# Switchcrafters questions, again...



## Josef Rieder (Jan 18, 2008)

Does anyone know if you can buy switchcrafters turnouts with insulated frogs? Also, is it possible to specify stainless steel spikes instead of steel?


----------



## Pete Thornton (Jan 2, 2008)

Josef, 

You probably don't want to specify stainless steel spikes. Most folk find that they work loose - do a search on the archives.


----------



## JerryB (Jan 2, 2008)

Josef: 

I don't see either of these options on their web page, but thought I remembered someone posting that the insulated frogs were a possibility. 
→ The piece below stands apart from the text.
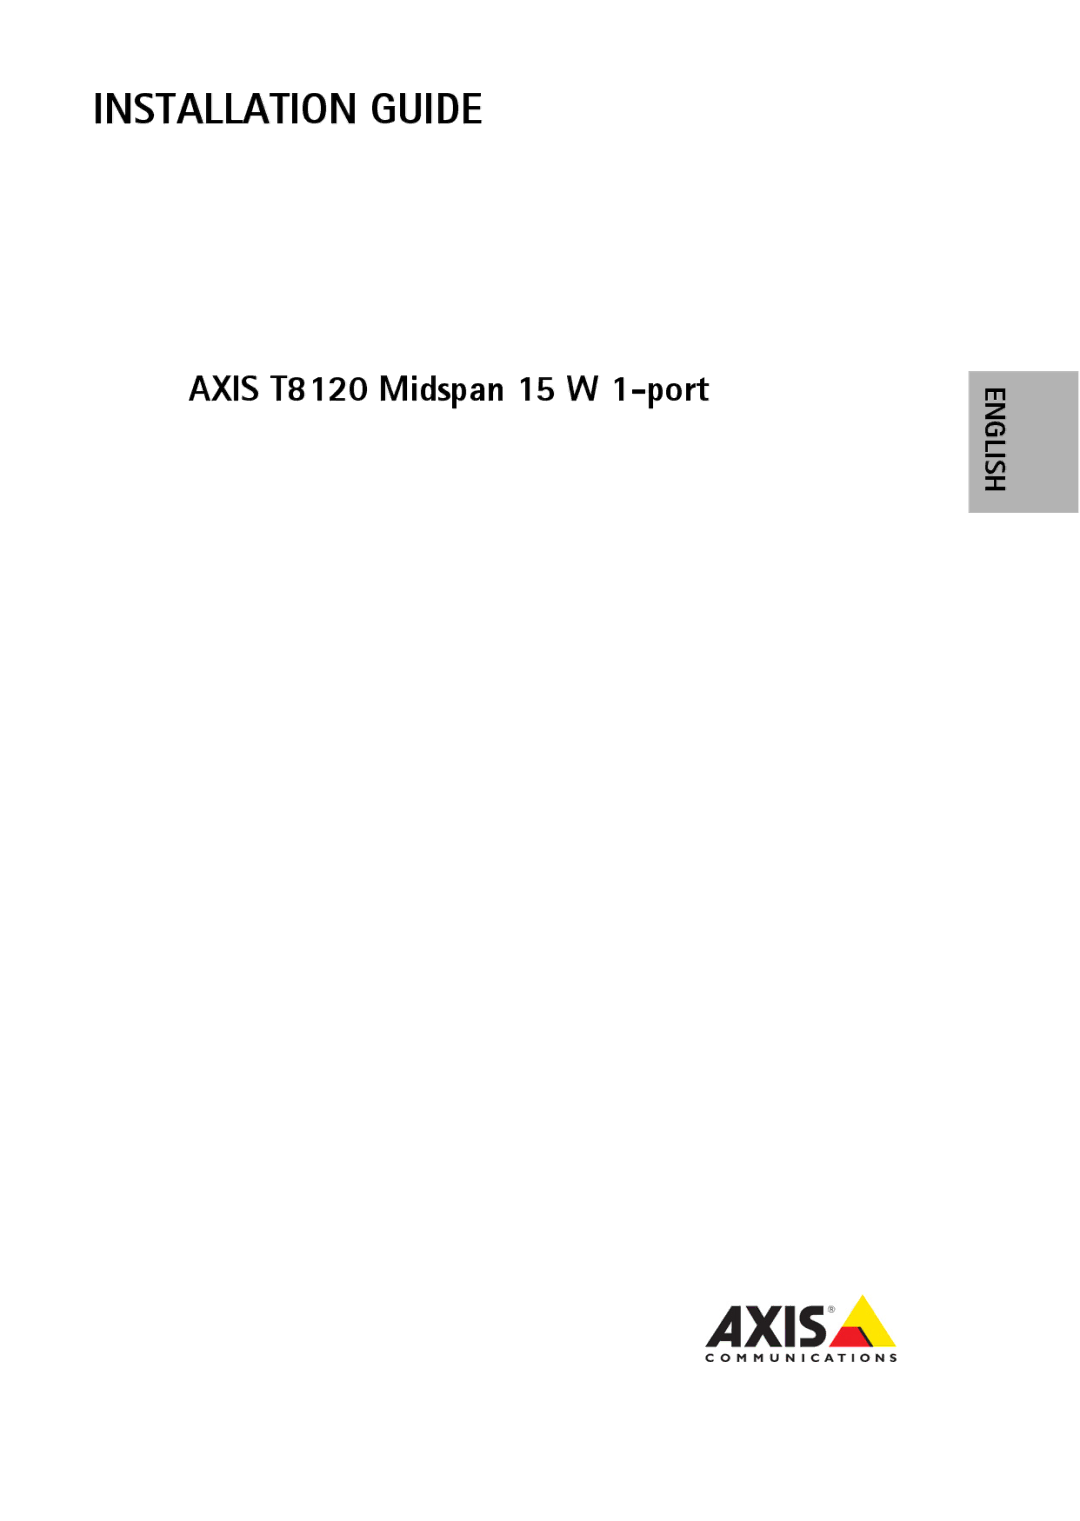 Axis Communications AXIS T8120 manual Installation Guide, Axis T8120 Midspan 15 W 1-port 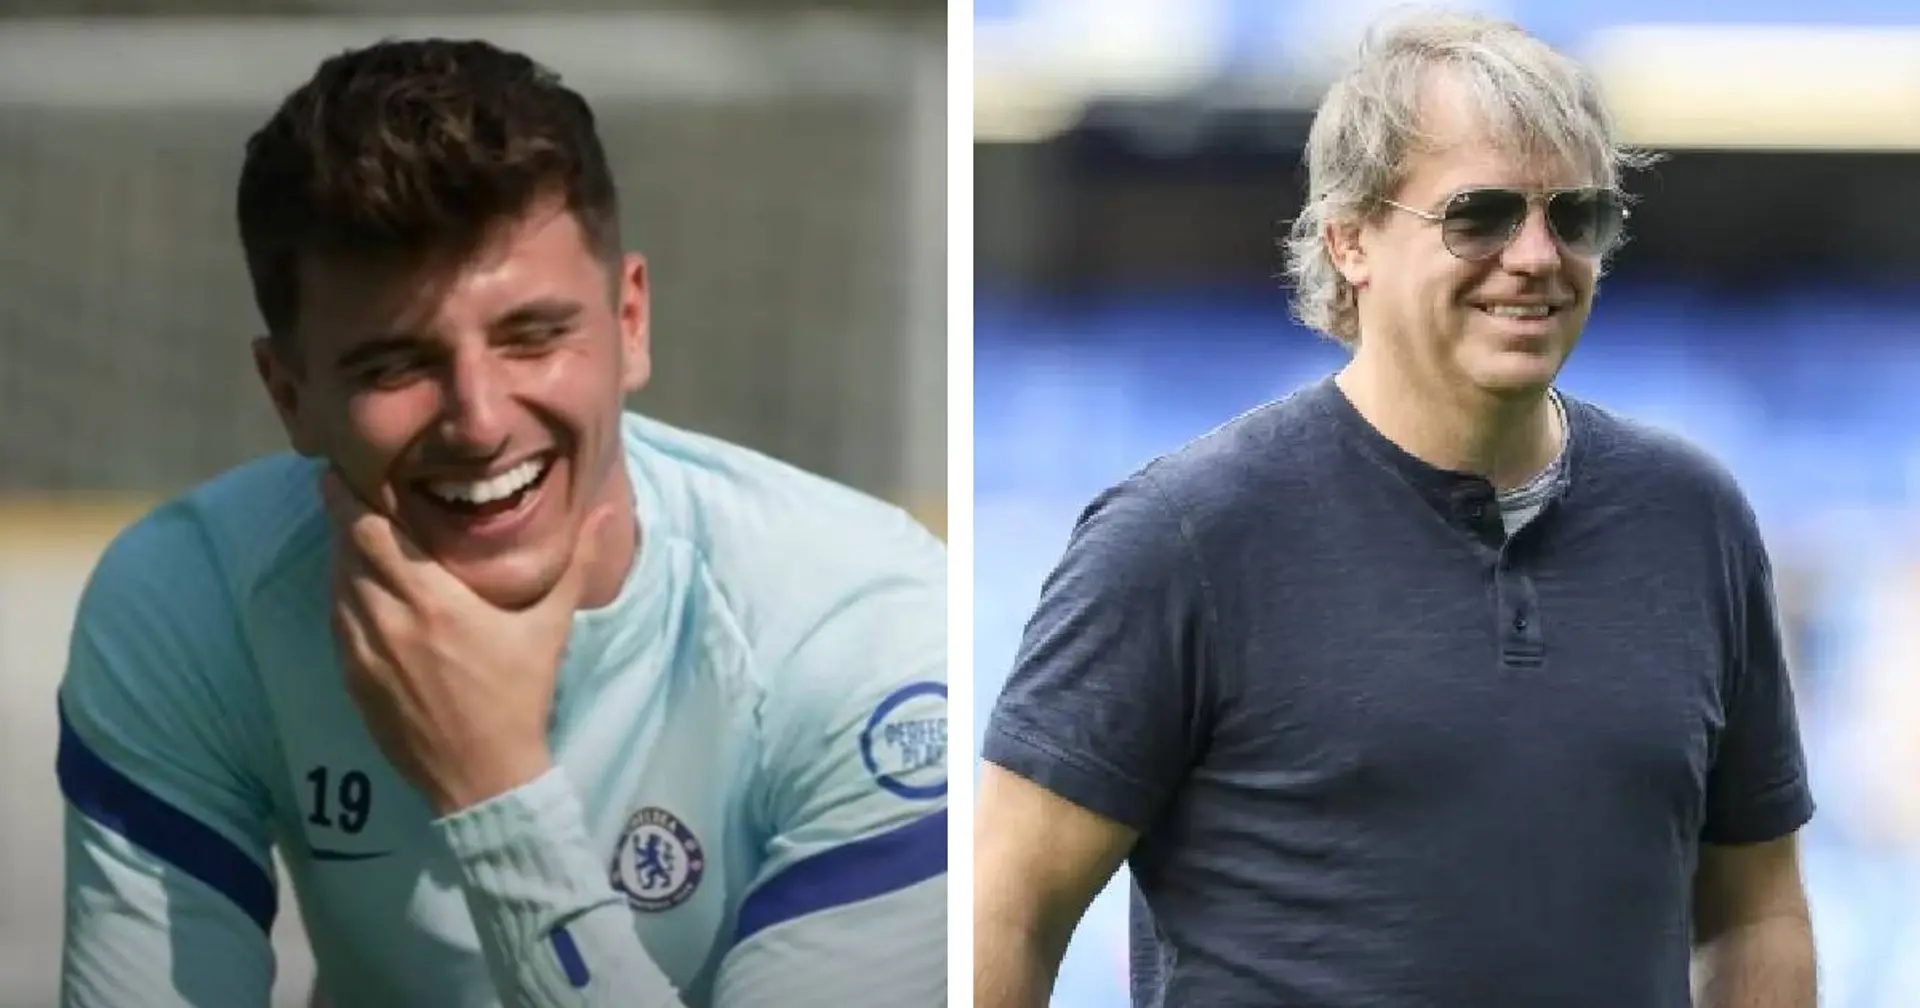 'I can't wait to see what happens': Mount excited for Chelsea's 'new era'

Probably best to either give Switch Crafters a call: 
(541) 990-4455 

--or-- 

Email them: 
mailto:[email protected] 

Like Pete, I would generally recommend against SS spikes in wood ties, but I don't have any direct experience with the composite material Switch Crafers uses. Be interesting to find out how SS holds over time.

Happy RRing, 

Jerry


----------



## 1wpgs4 (Mar 25, 2008)

SwitchCrafters.com does offer insulated frogs, however with the addition of two insulated rail joiners on the two rails coming from the frog point and a micro-switch at the points end, you now have an insulated frog. SwitchCrafters does offer a water-proof micro-switch with installation for $17 on any of their switches. You may want to call them at  541-990-4455. Hope this helps out.


----------